A vida de um influenciador

Não basta ser, é preciso criar.

Como diz o ditado:

“"Na terra dos cegos, quem tem um olho é rei!"”

E na era da internet? O que te faz se destacar entre tantos outros remando na mesma direção?

Se observarmos aqueles que nos inspiram, seja na música, na arte, na comunicação ou na vida, sempre encontraremos algo em comum que os coloca numa posição de inspiração, ou melhor, de influência. Não podemos negar que são autênticos, visionários e carregam algo que lhes permite cumprir um propósito específico que cada indivíduo possui dentro de si: a criatividade!

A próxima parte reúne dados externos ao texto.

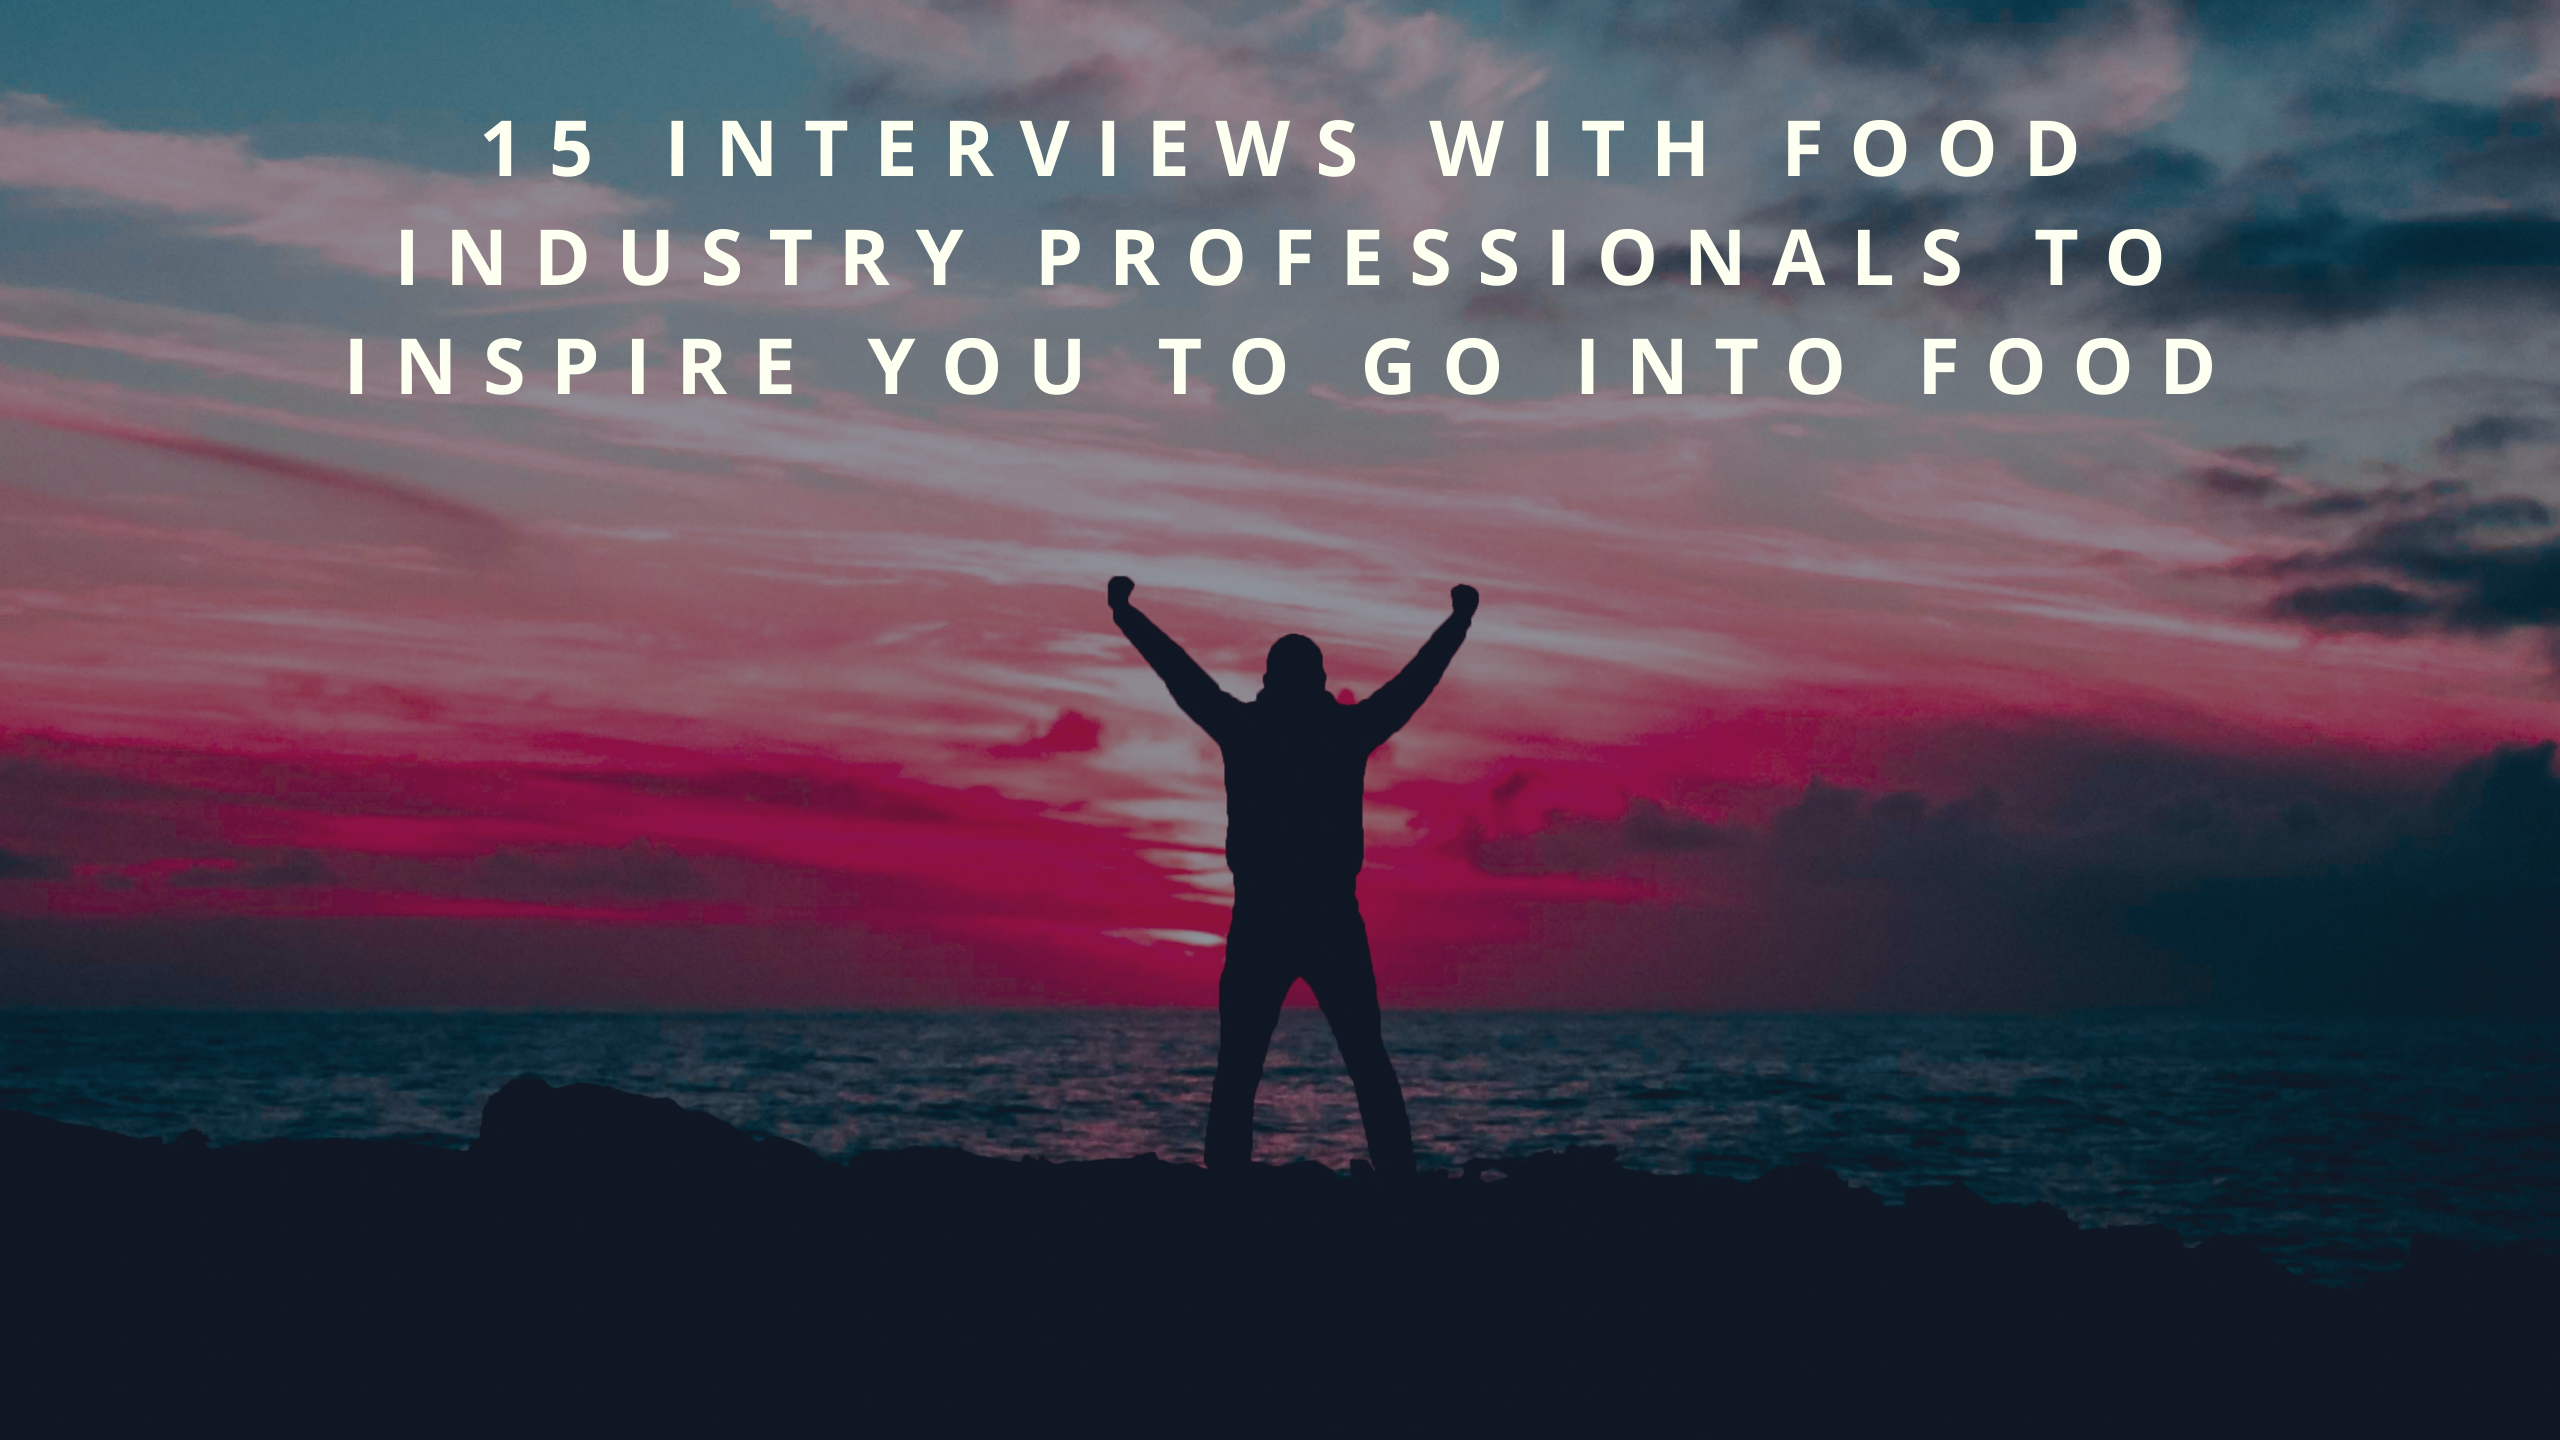 15 Interviews with Food Industry Professionals to Inspire You To Go Into Food

Depois de anos — especificamente 10 anos — vivendo e sobrevivendo como influenciadora, YouTuber, garota do Instagram ou até mesmo a “pequena blogueira” (sem nem mesmo ter um blog), é com grande prazer que anuncio que quem não se atreve a ser quem realmente é jamais poderá experimentar a nobreza de se conectar e influenciar tantas pessoas incríveis, mas que, em sua maioria, simplesmente não se permitiram ser quem são.

A mesmice se tornou rotina, e poucos se atrevem a dizer o que pensam e a exercer o que idealizam. Vivemos numa era em que as pessoas temem a rejeição mais do que a morte!

O medo nada mais é do que a antecipação de algo ruim que ainda não aconteceu. E, mesmo residindo no futuro, ele ainda nos paralisa no presente a ponto de nos colocar em um espaço onde replicar o que já funciona se torna um ambiente seguro.

A beleza da internet? É poder dividir e inspirar. Uma tristeza dela? É poder fingir e se anular.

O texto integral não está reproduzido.